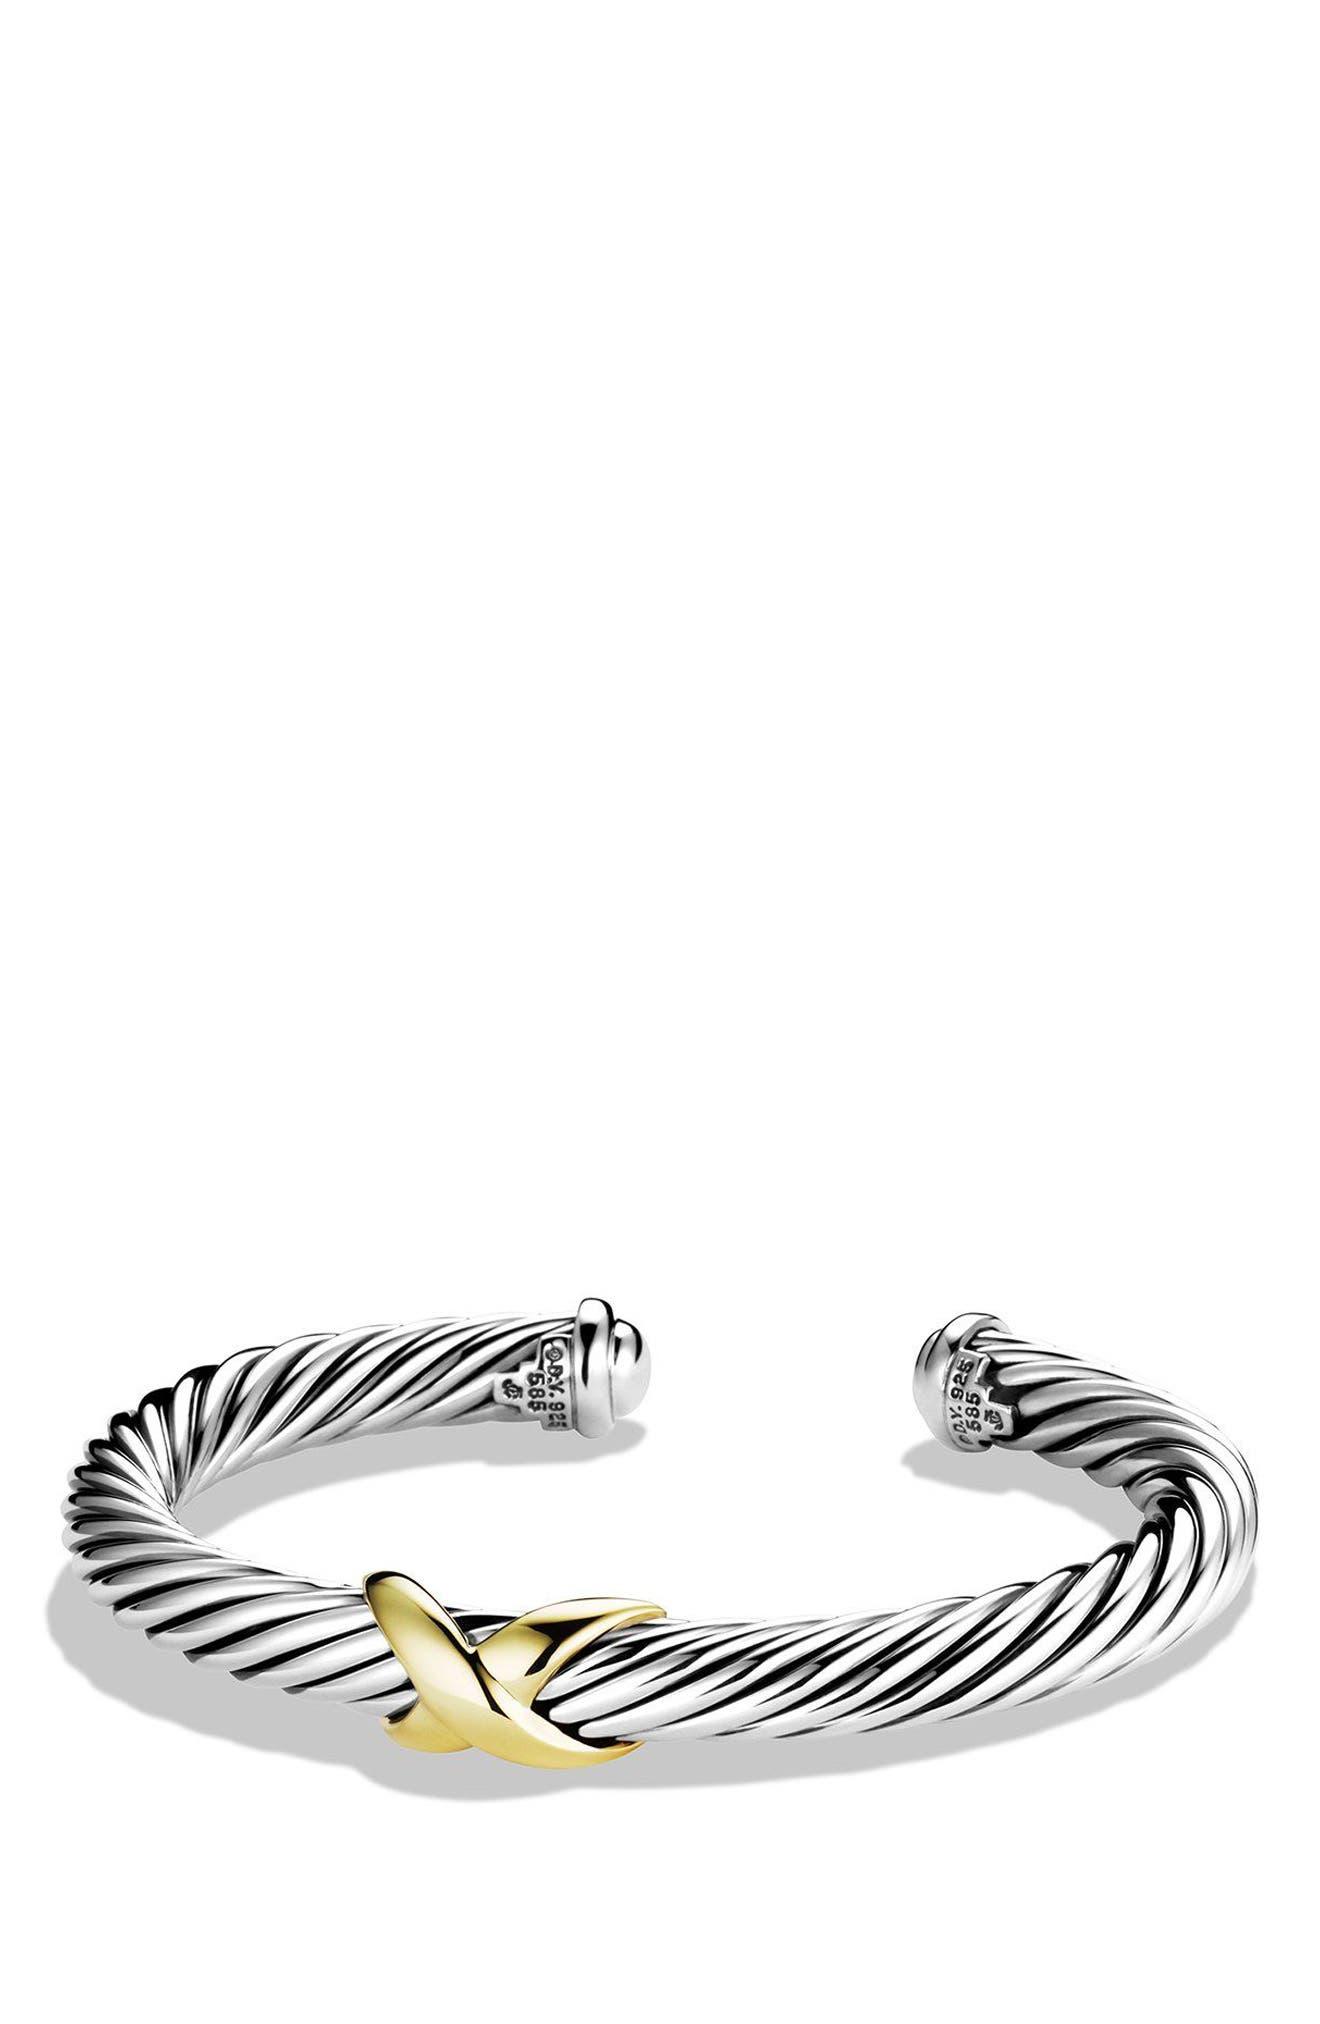 X Bracelet with 14K Gold,                             Main thumbnail 1, color,                             SILVER/ 14K GOLD
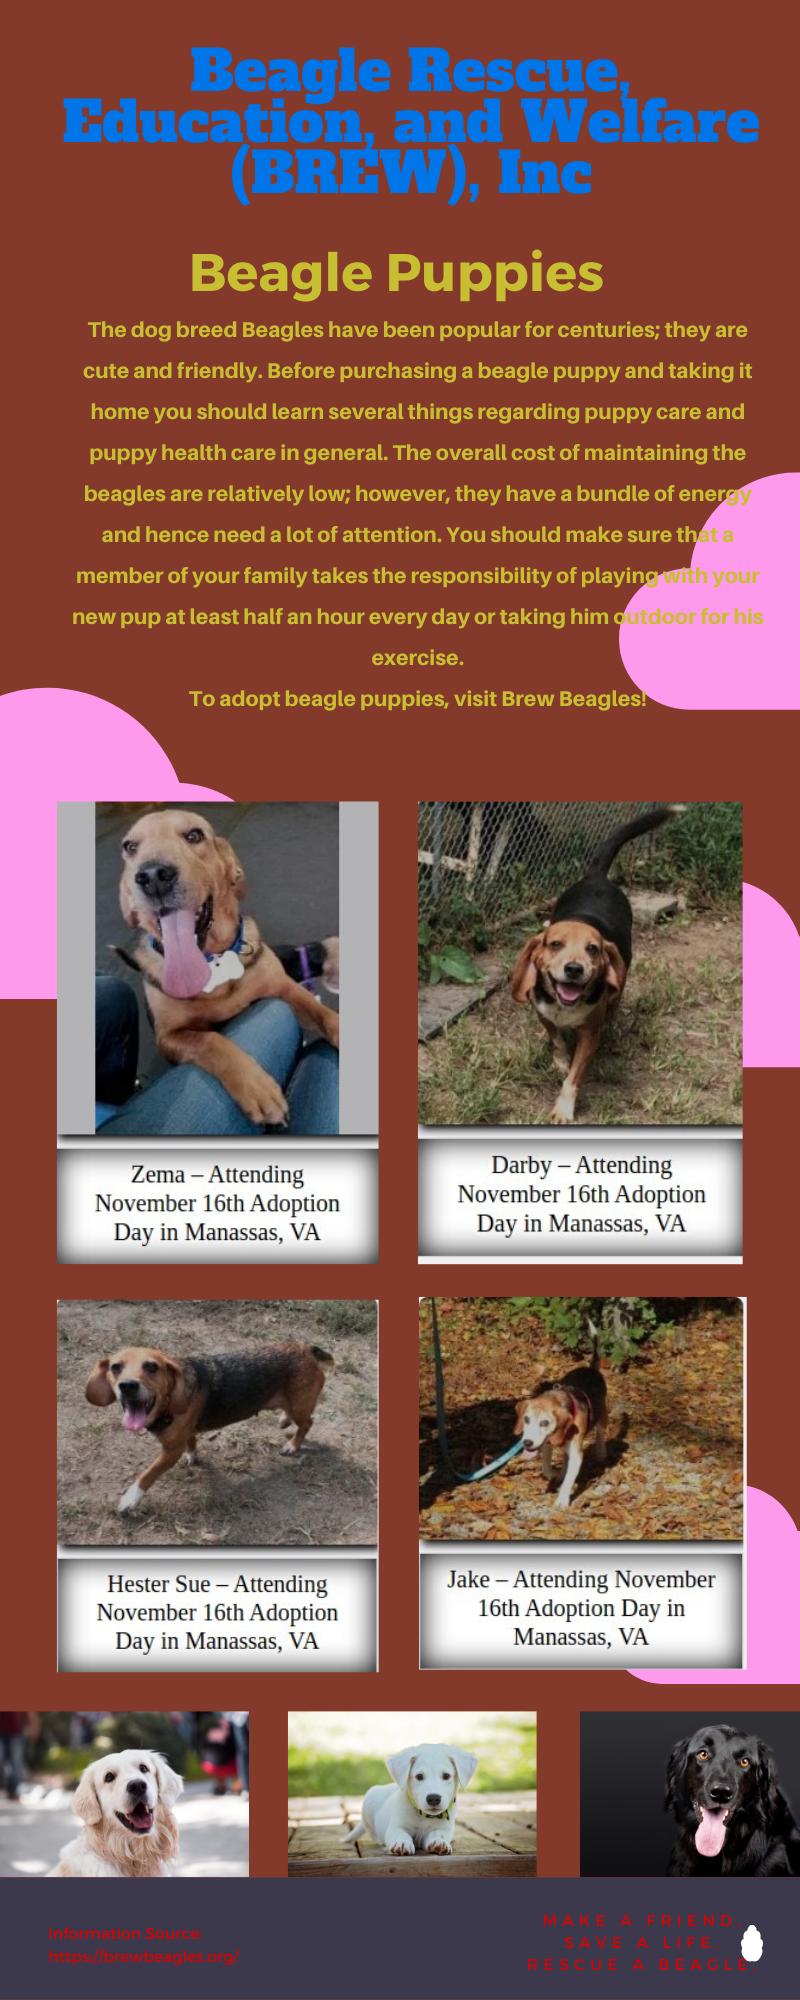 Beagles For Adoption Rescue Dogs For Adoption Beagle Puppy Adoptable Beagle
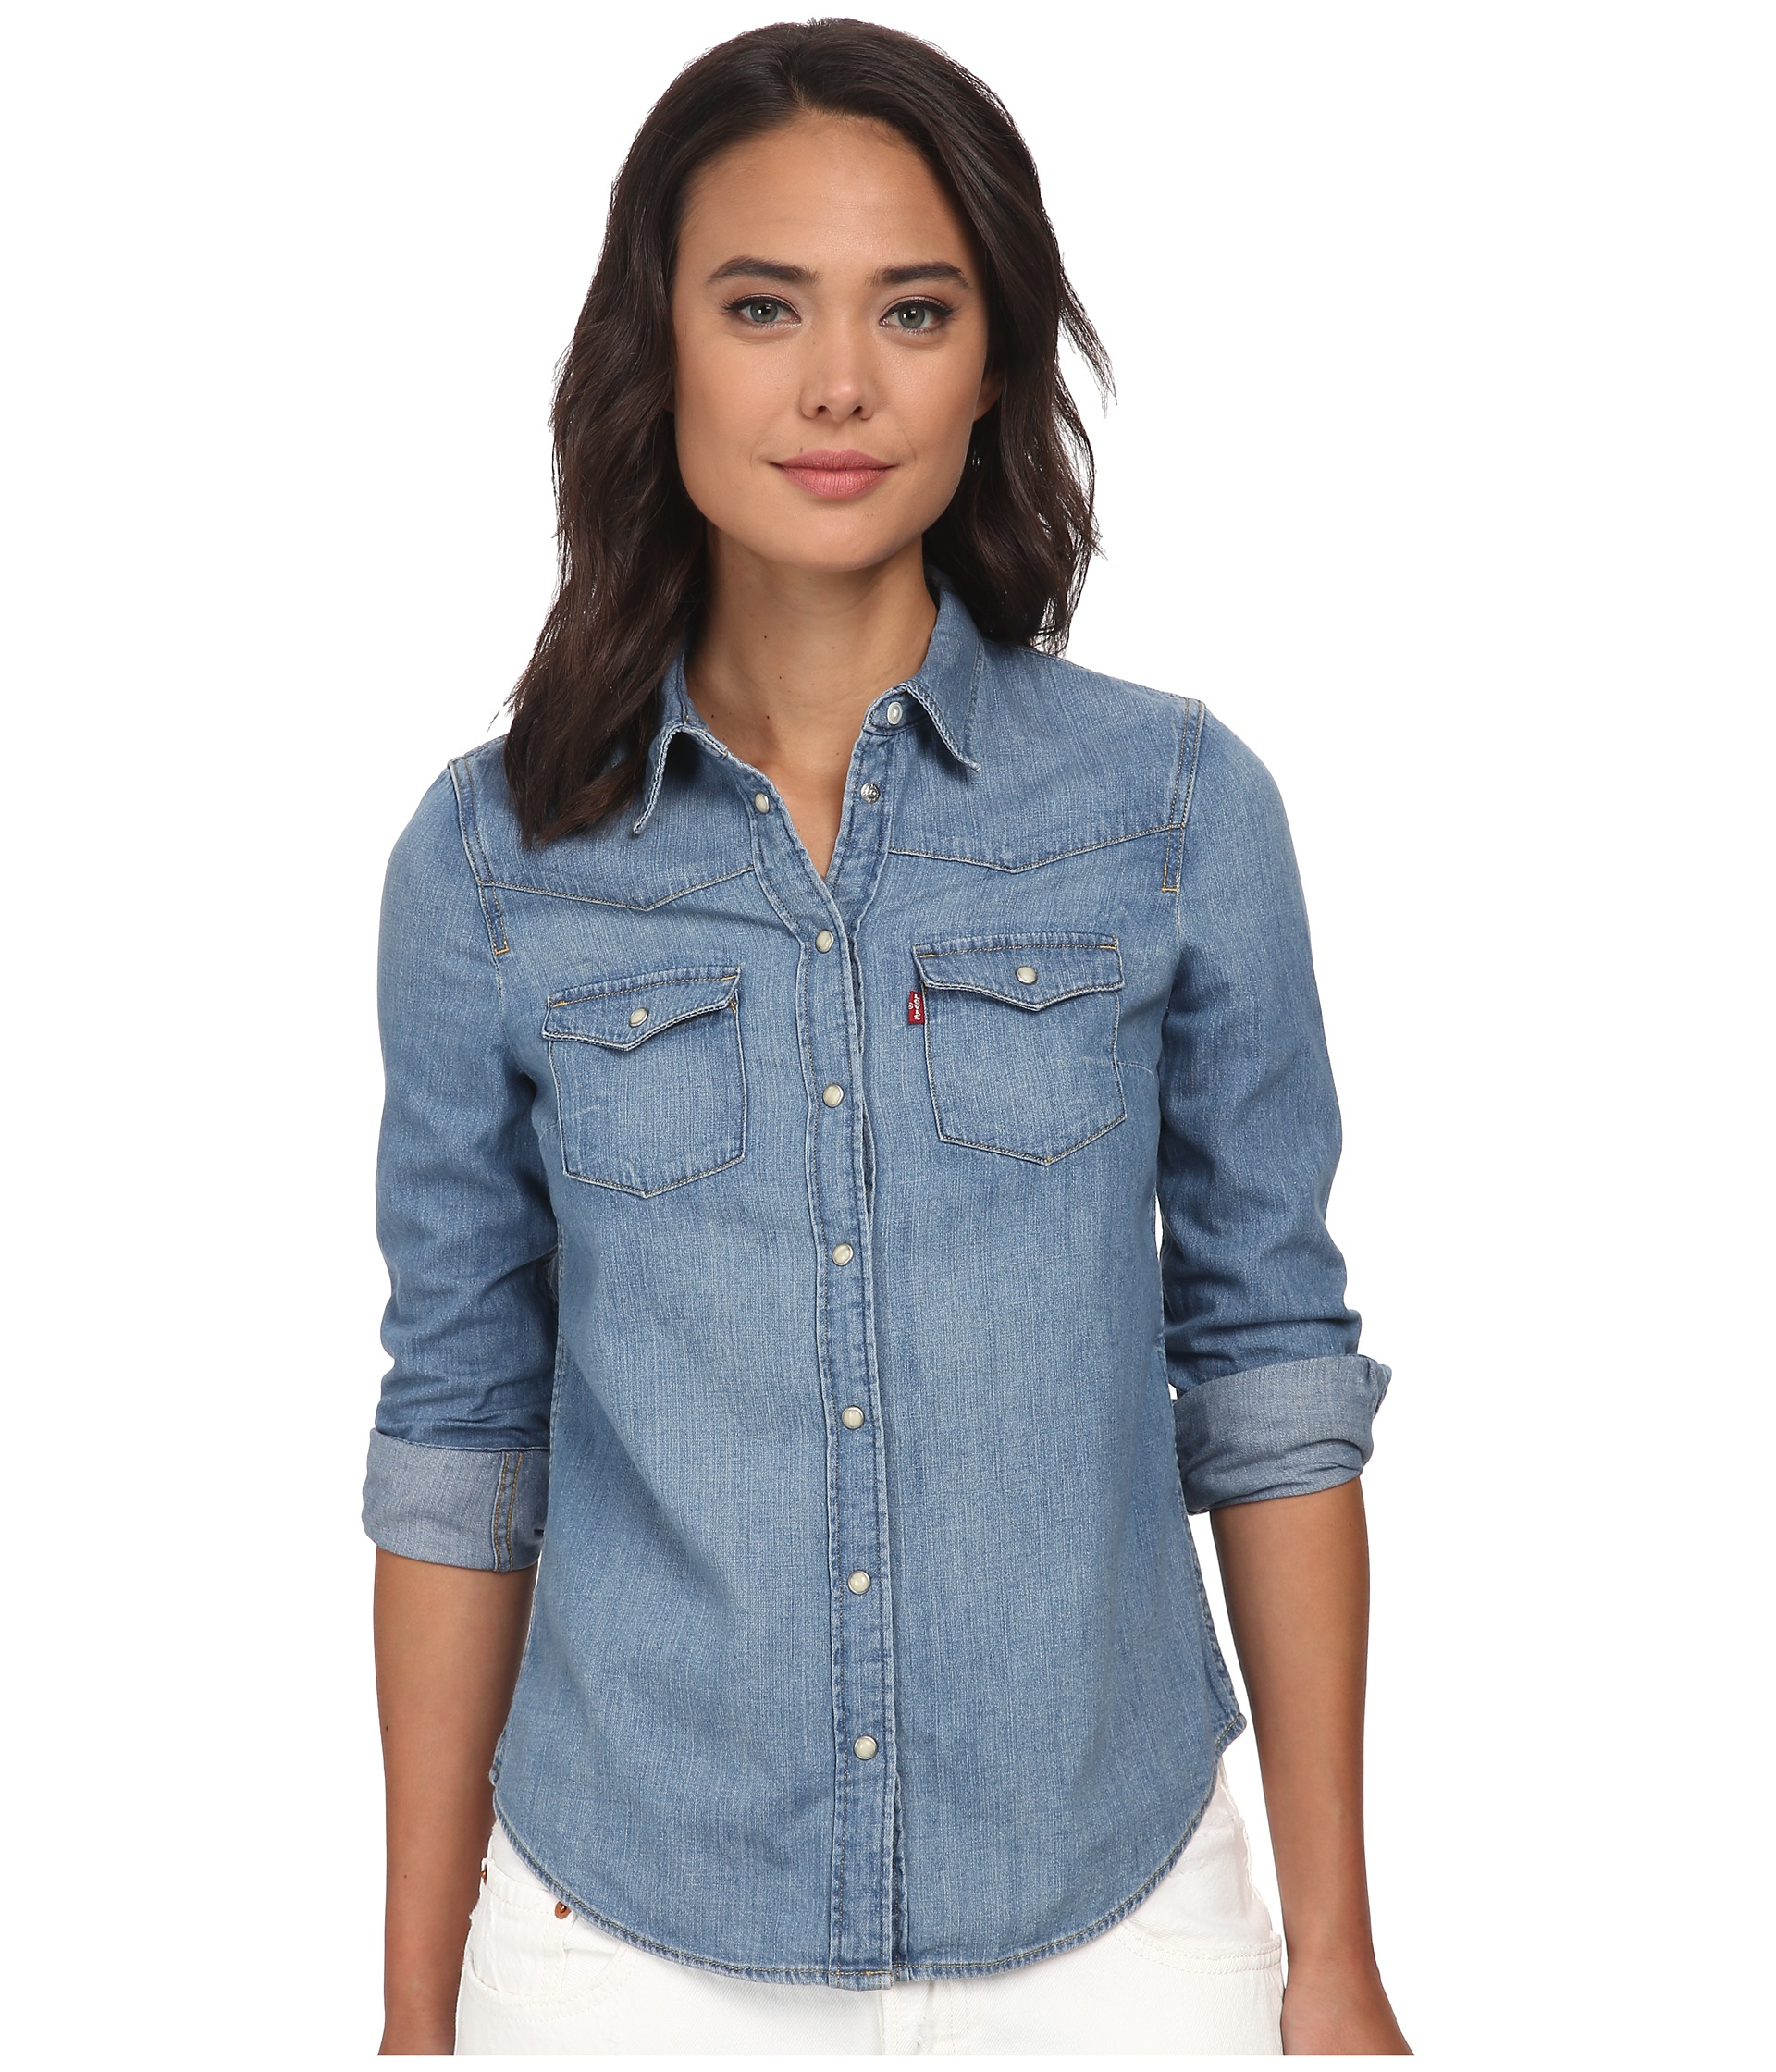 levi 39 s womens modern western shirt medium heritage. Black Bedroom Furniture Sets. Home Design Ideas

==*==

Set down the line containing "Beagles For Adoption" and every line after it up to the end of the material, exactly as written, but not the pictures.

 Beagles For Adoption Rescue Dogs For Adoption Beagle Puppy Adoptable Beagle
 levi 39 s womens modern western shirt medium heritage. Black Bedroom Furniture Sets. Home Design Ideas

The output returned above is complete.